Pour mieux anticiper votre succession afin de protéger financièrement votre conjoint : souscrivez un plan épargne retraite. Le PER peut être individuel, on parle alors de PERin. Ce contrat vous permet de cotiser tout au long de votre carrière dans le but d’obtenir un capital ou une rente viagère lors de votre à la retraite. Lorsque vous souscrivez ce contrat, vous devez désigner un bénéficiaire au cas où vous décéderiez de manière prématurée. En choisissant votre conjoint, vous lui permettez d’obtenir un capital pour faire face aux premières dépenses suite à votre décès.

Souscrire une bonne assurance emprunteur

Lorsque vous souscrivez un prêt immobilier, vous êtes obligé de l’assurer. Si vous empruntez à deux, la couverture minimale est de 100 %. Chaque coemprunteur peut choisir sa quotité d’assurance, à savoir la part assurée.
Exemple : vous avez choisi pour vous une quotité de 70 % et pour votre conjoint une quotité de 30 %. Si vous décédez, votre conjoint devra continuer à payer 30 % du prêt, l’assurance prendra en charge les 70 % du capital restant dû.

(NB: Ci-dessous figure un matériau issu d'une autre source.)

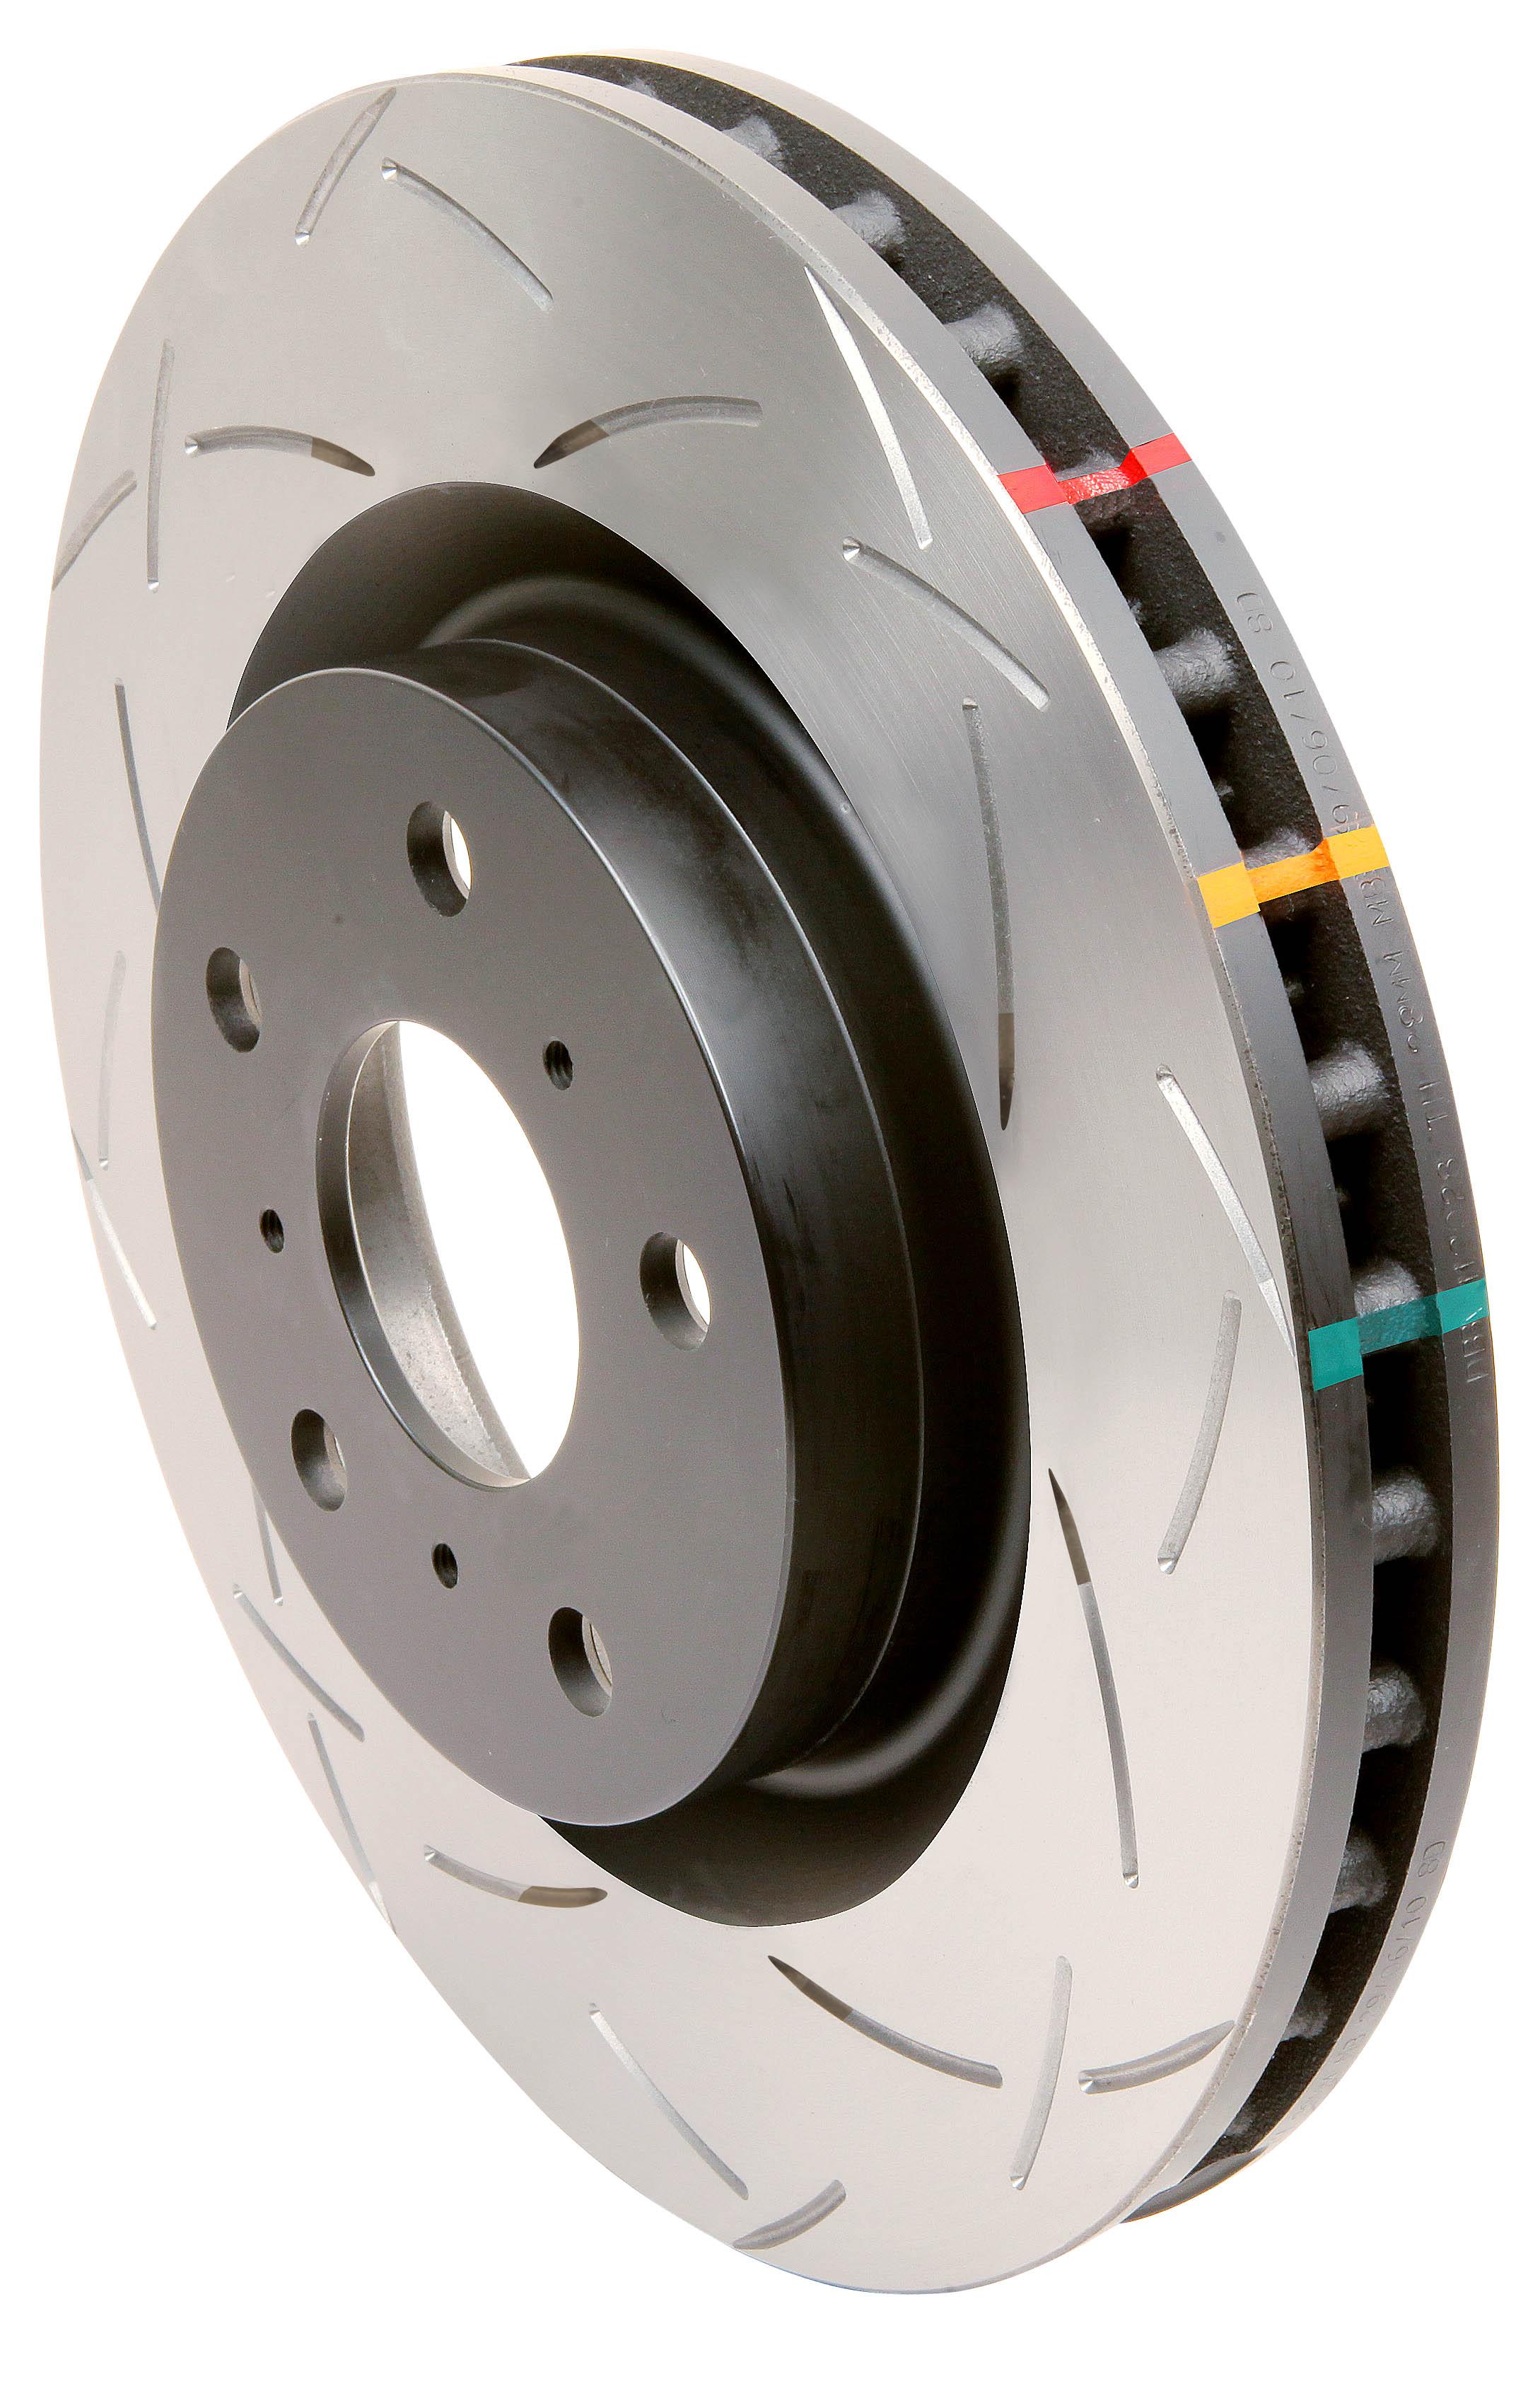 Disc Brake Rotor Front Power Stop JBR1531XPR fits 10-16 Hyundai Genesis Coupe

Pour mieux anticiper votre décès, il est préférable de choisir une quotité de 100 %. C’est encore plus important si vous percevez les revenus les plus élevés. Certes, avec une quotité plus importante, l’assurance est plus chère. En profitant de la délégation d’assurance avec un contrat chez Alptis, vous pouvez faire des économies avec une meilleure couverture.